- The paper introduces DicFace, which reformulates discrete codebook representations as Dirichlet-distributed continuous variables to enable smooth temporal transitions.
- It integrates a spatio-temporal Transformer and Laplacian-constrained loss, yielding significant improvements in PSNR and LPIPS metrics.
- Experiments on benchmarks like VFHQ confirm DicFace’s effectiveness in mitigating flickers and enhancing spatial consistency in video face restoration.
DicFace: Dirichlet-Constrained Variational Codebook Learning for Temporally Coherent Video Face Restoration
Introduction
The paper "DicFace: Dirichlet-Constrained Variational Codebook Learning for Temporally Coherent Video Face Restoration" introduces a novel approach to video face restoration that emphasizes maintaining temporal consistency while enhancing fine facial details from degraded video inputs. This research extends the functionality of Vector-Quantized Variational Autoencoders (VQ-VAEs), pretrained on static high-quality images, to a video restoration setting using a variational latent space. The authors propose reformulating discrete codebook representations into Dirichlet-distributed continuous variables, empowering seamless transitions between frames and mitigating temporal flickers. This is achieved through a spatio-temporal Transformer architecture that models inter-frame dependencies and predicts latent distributions. This architecture is robustly regularized by a Laplacian-constrained reconstruction loss combined with perceptual LPIPS metrics enhancing quality and accuracy.
Framework Overview
The authors' framework efficiently processes a sequence of degraded video frames via three core components: a spatial feature extraction encoder, a spatio-temporal Transformer for dependency modeling, and a decoder that reconstructs high-quality frames from the composite mixture of learnable codebook entries.
Figure 1: Overview of the DicFace framework with encoder, Transformer, and decoder components processing low-quality frames.
The Transformer architecture captures both spatial and temporal dependencies while predicting parameters for the Dirichlet distribution representing the mixture of latent codes, enhancing temporal coherence through smooth transitions over the Dirichlet manifold. The continuous formulation is regularized by an ELBO objective, balancing reconstruction fidelity with coherence.
Methodology
The authors elaborate on their innovative methodologies through various subsections, outlining the vector-quantized autoencoder framework that reconstructs images from latent feature maps, transitioning from discrete to continuous embeddings under a probabilistic paradigm enhanced by Dirichlet distribution properties.
Figure 2: Facial restoration model exhibits improved performance over state-of-the-art single-task solutions.
This reformulation allows for smoother transitions in video frame sequences, substantially reducing flickers associated with frame-to-frame variations by embedding discrete codebook representations within a variational framework.
Results and Comparisons
DicFace has been rigorously evaluated against contemporary benchmark datasets like VFHQ, proving its efficacy across tasks of blind face restoration, inpainting, and colorization. It exhibits significant performance improvements, showcased by higher PSNR and lower LPIPS scores, underscoring its ability to deliver high-quality restorations with superior temporal consistency.
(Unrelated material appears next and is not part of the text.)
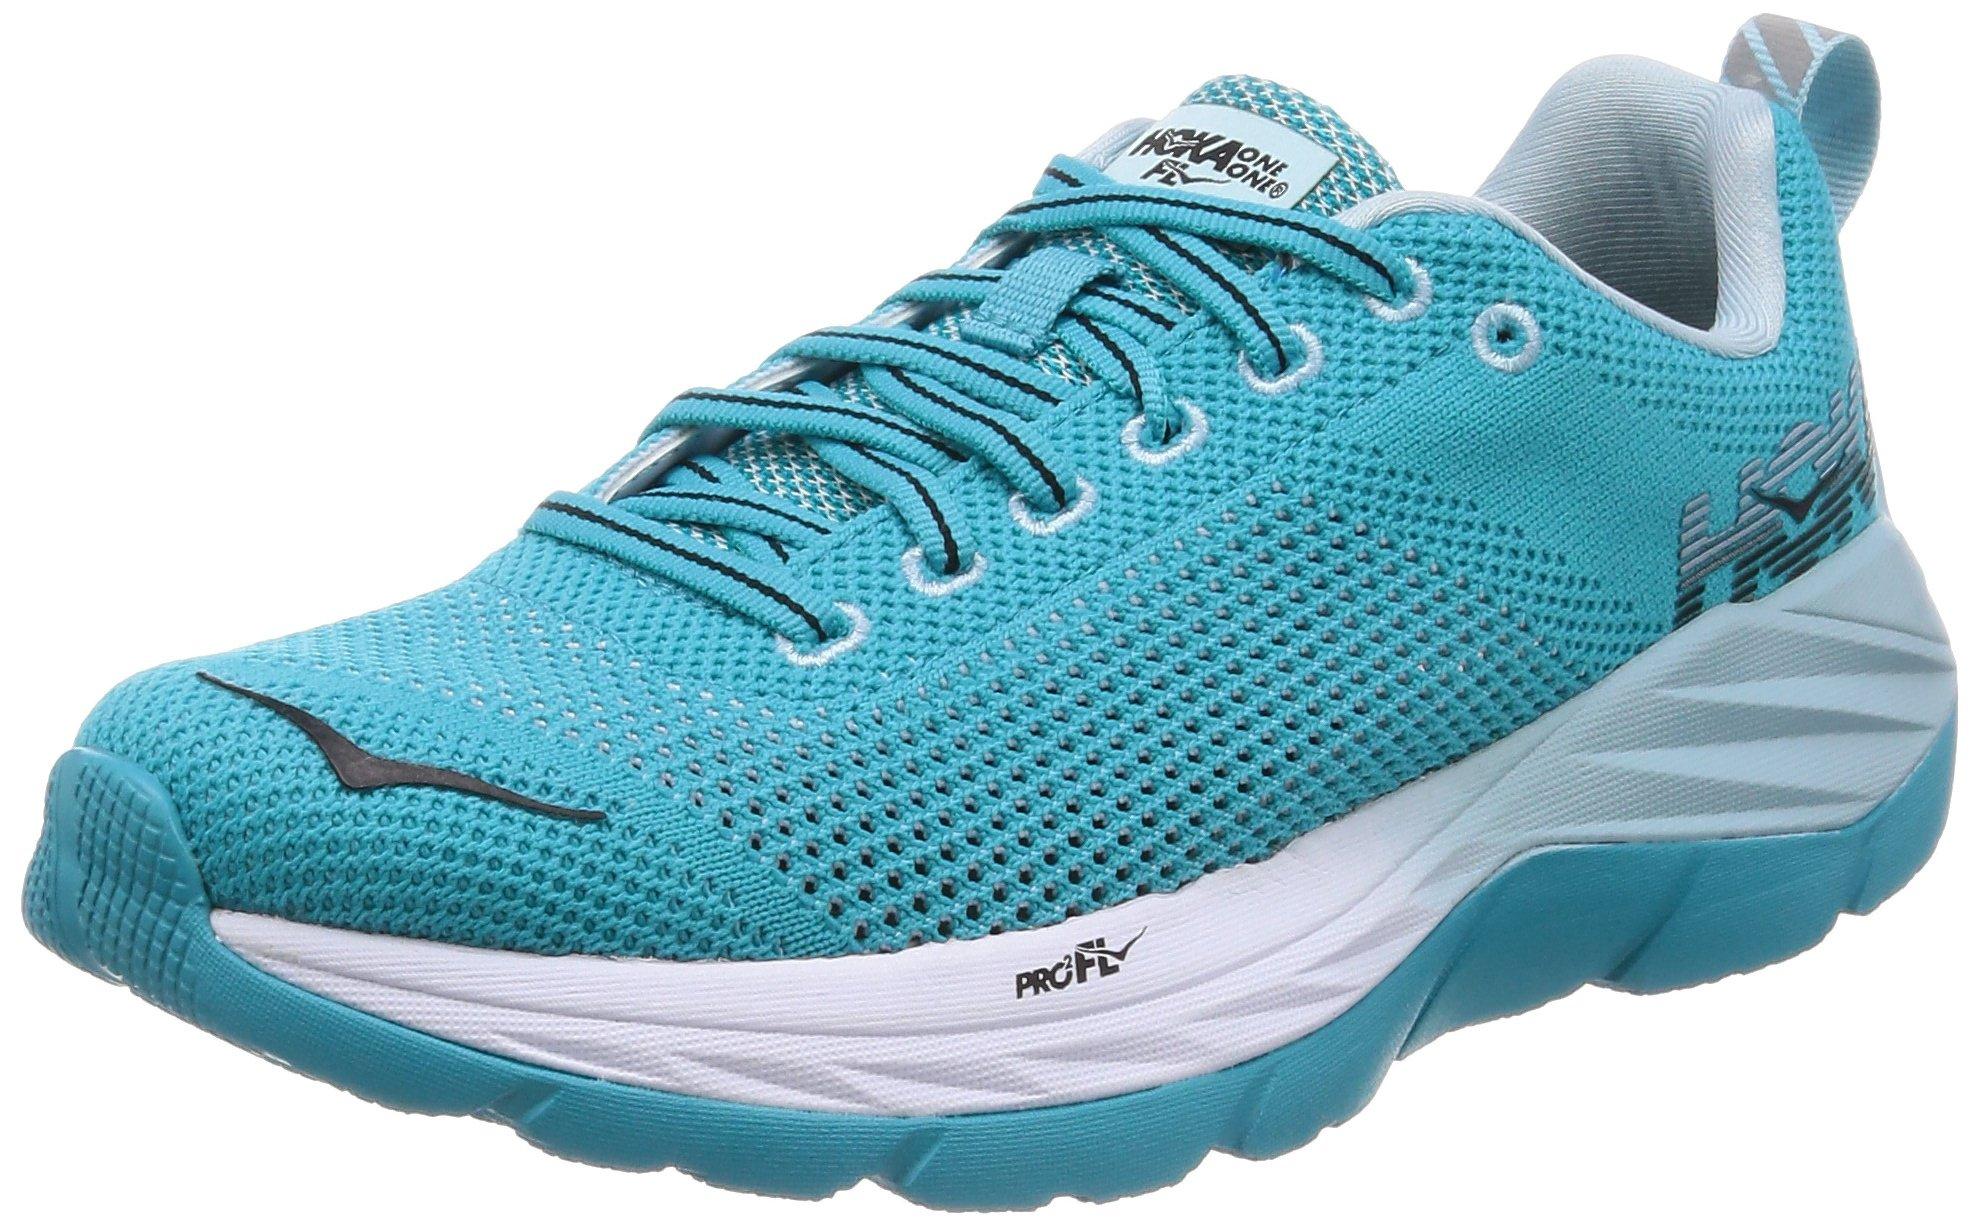 HOKA ONE ONE Women's Mach Bluebird/White Running Shoe Size 8 M US by HOKA ONE ONE

Figure 3: Qualitative comparison with state-of-the-art methods, demonstrating superior detail recovery and temporal consistency across challenging conditions.
Temporary Stability and Invariance
A noteworthy advancement in this paper is the robust temporal stability achieved by DicFace, affirmed by enhanced TLME metrics and qualitative evaluations that illustrate its superior performance amid occlusions and dynamic poses.
Figure 4: Comparison of temporal stability via MSE at facial landmarks, emphasizing improved consistency with DicFace.
Ablation Studies
Extensive ablation studies validate the efficacy of the central methodological innovations, emphasizing the importance of Dirichlet-based variational modeling in ensuring temporal coherence across video frames.
Figure 5: Mitigated temporal jitter in restoration, highlighting DicFace's enhancement of spatial consistency and temporal continuity.
Conclusion
The work establishes a formidable framework for leveraging pretrained image priors into video settings, addressing long-standing challenges of flicker artifact mitigation in video face restoration. By uniting discrete codebook principles with continuous video dynamics through a principled, probabilistic approach, DicFace sets a new benchmark for coherent and high-fidelity video enhancements, offering promising directions for further research in generative video models.